The Neurocomputing Laboratory (NCL) is a multi-disciplinary laboratory located in the Neuroscience Department of the Erasmus Medical Center, Rotterdam, and collaborating with various university departments, research companies and institutes with a dual mission: To provide tools and methods for advancing brain research, and to develop engineering solutions to specific neuroscience-related problems. NCL is led by dr. ir. Christos Strydis who also coordinates lab activities with the department's valorization company Neurasmus B.V. The lab maintains strong collaboration ties with a number of external partners including but not limited to the Delft University of Technology (TUD), the Netherlands Institute for Neuroscience (NIN), the National Technical University of Athens (NTUA), the Brain Innovations venture, the Chalmers University of Technology (Sweden), and more.
The NCL research activities cover a broad spectrum of topics including brain exploration, advanced technological solutions for accelerating brain modeling and simulation, as well as novel approaches related to implantable medical devices (IMDs) with a strong focus on implantable neuromodulators. Very recently, another theme added to the lab's activities is the development of functional ultra-sound (fUS) for unprecedented brain imaging.
Overall, the NCL spans now four distinct research themes:
- BrainFrame: The creation of an HPC-based simulation platform with an intuitive programming interface for technically non-savvy neuroscientists for conducting high-speed brain simulations as well as general brain experimentation support. The theme currently seeks to provide a comprehensive pool of innovative technical solutions to serve neuroscientific experiments. Although concerned with a variety of efforts, the flag ship research of the theme is to develop an easy-to-use heterogeneous HPC brain simulation framework using PyNN as a front-end, the BrainFrame Framework.
- Smart Implantable Neurostimulators (SINS): The design, development and prototyping of dependable, secure and low-power neural implants. SINS target the treatment of a number of tough neurological diseases such as Tinnitus, Alzheimer's disease, Parkinson's disease, depression and more.
- Brain Dynamics: The living brain is constantly active. In most brain areas, the neurons continuously communicate across large extents. An understanding of brain function passes through an understanding of the brain dynamics that becomes behavior. The exploration of functional brain dynamics attempts to shed light on the biological processes of the brain, through more accurate modeling. The research effort is mostly concentrated on the exploration of the functional brain dynamics of the Cerebellum, one of the most densely populated areas of the brain, which is concerned with the acquisition and performance of complex motor behavior.

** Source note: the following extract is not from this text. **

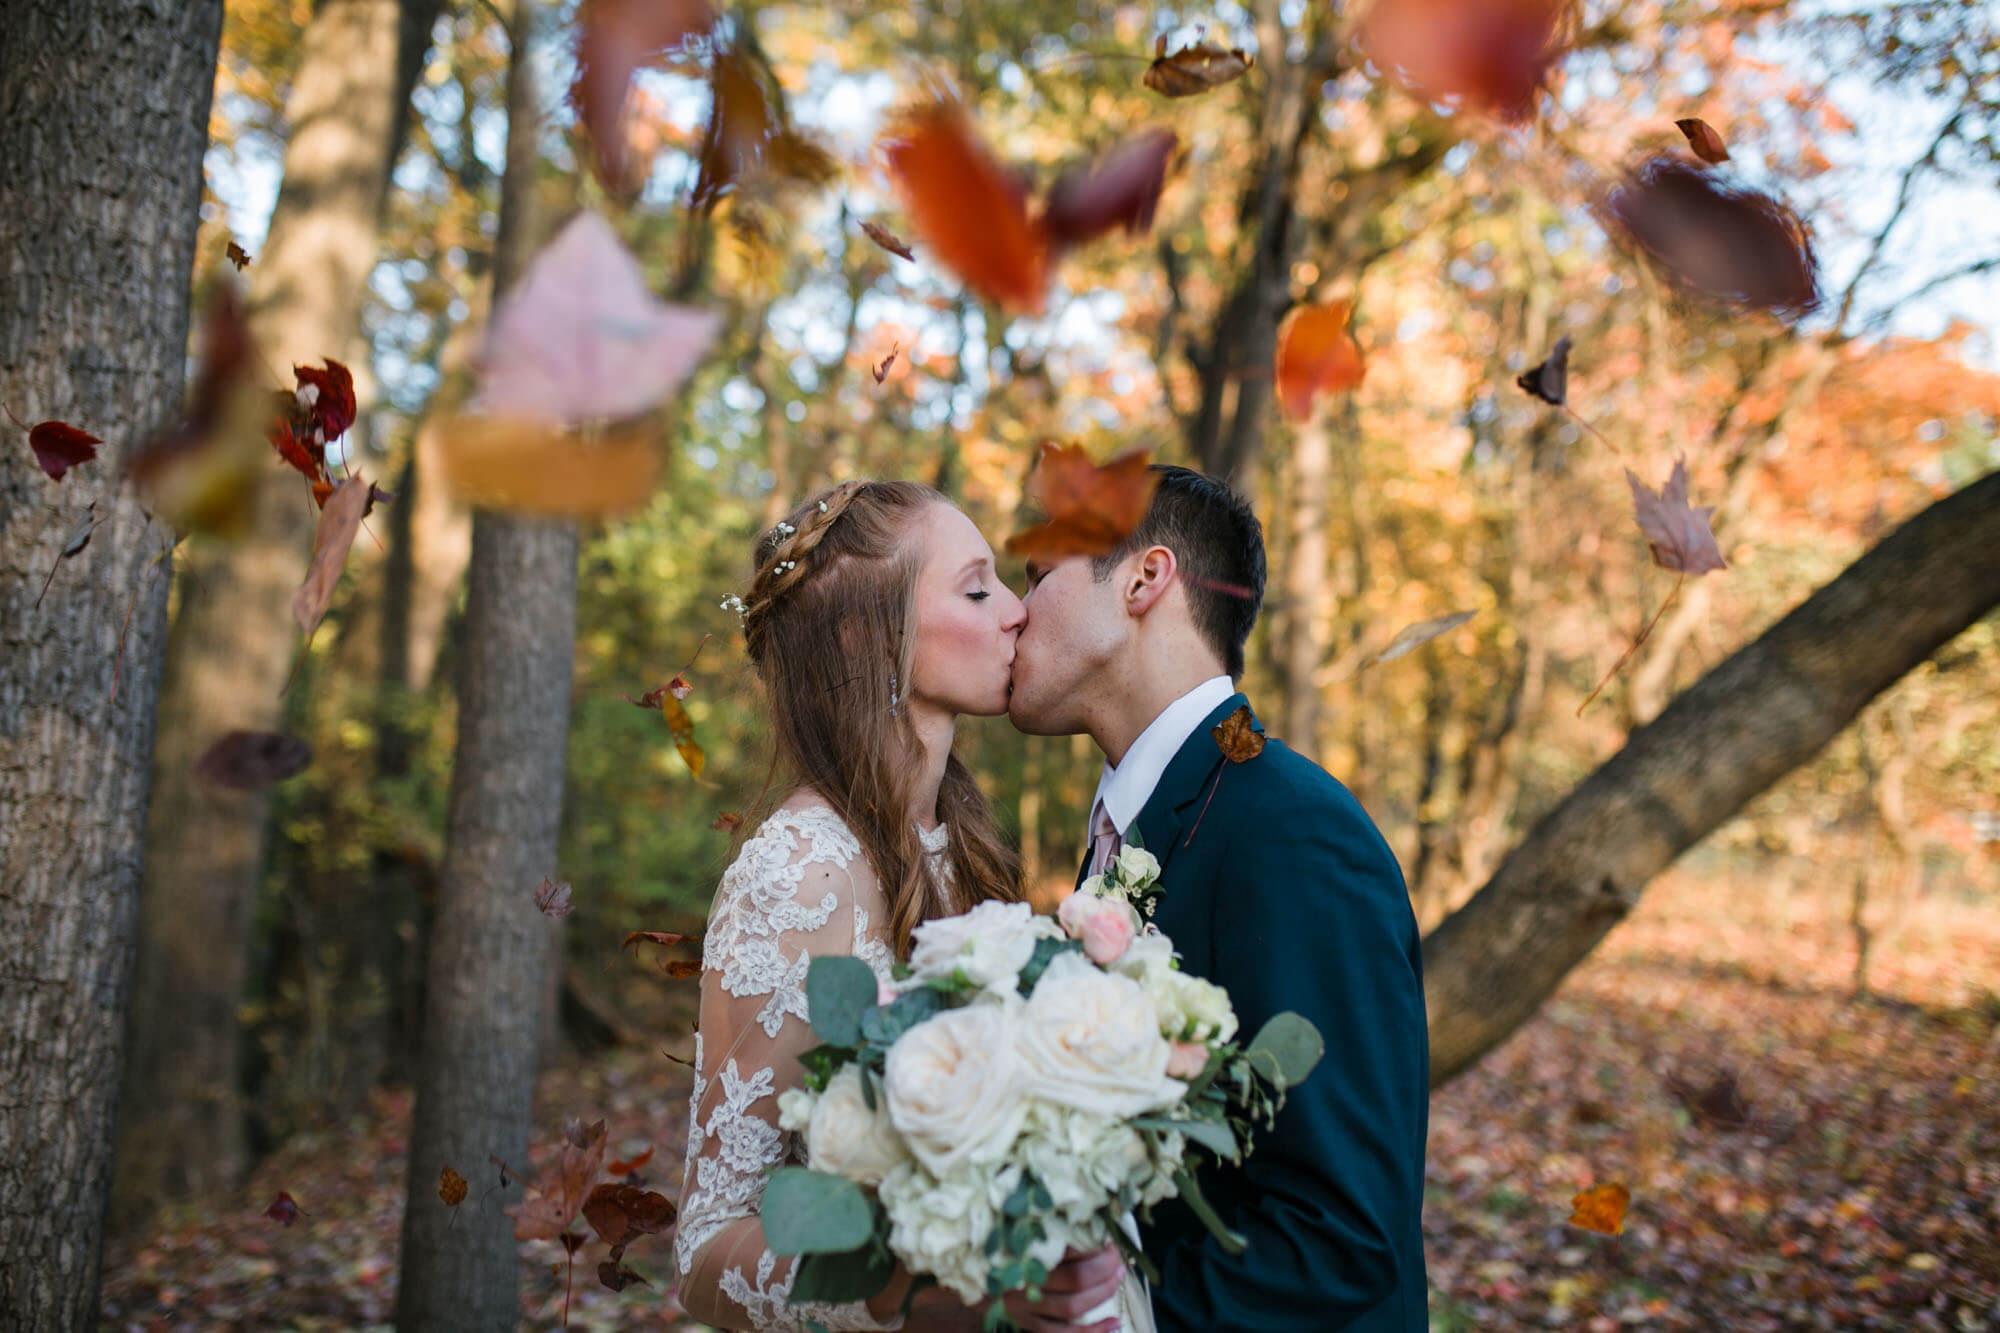 hilton-garden-inn-perrysburg-wedding-photos-147.jpg

- CUBE: My lab is among the three founding labs of the cutting-edge, interdisciplinary Centre for Ultrasound and Brain Imaging at Erasmus MC (CUBE) featuring a new type of echography (functional Ultra-Sound, fUS) to visualize blood inside the brain. With its unique temporal and spatial properties, fUS will help neuroscientists to better understand how different brain areas work together and neurosurgeons to better delineate tumor from healthy functional tissue during operations.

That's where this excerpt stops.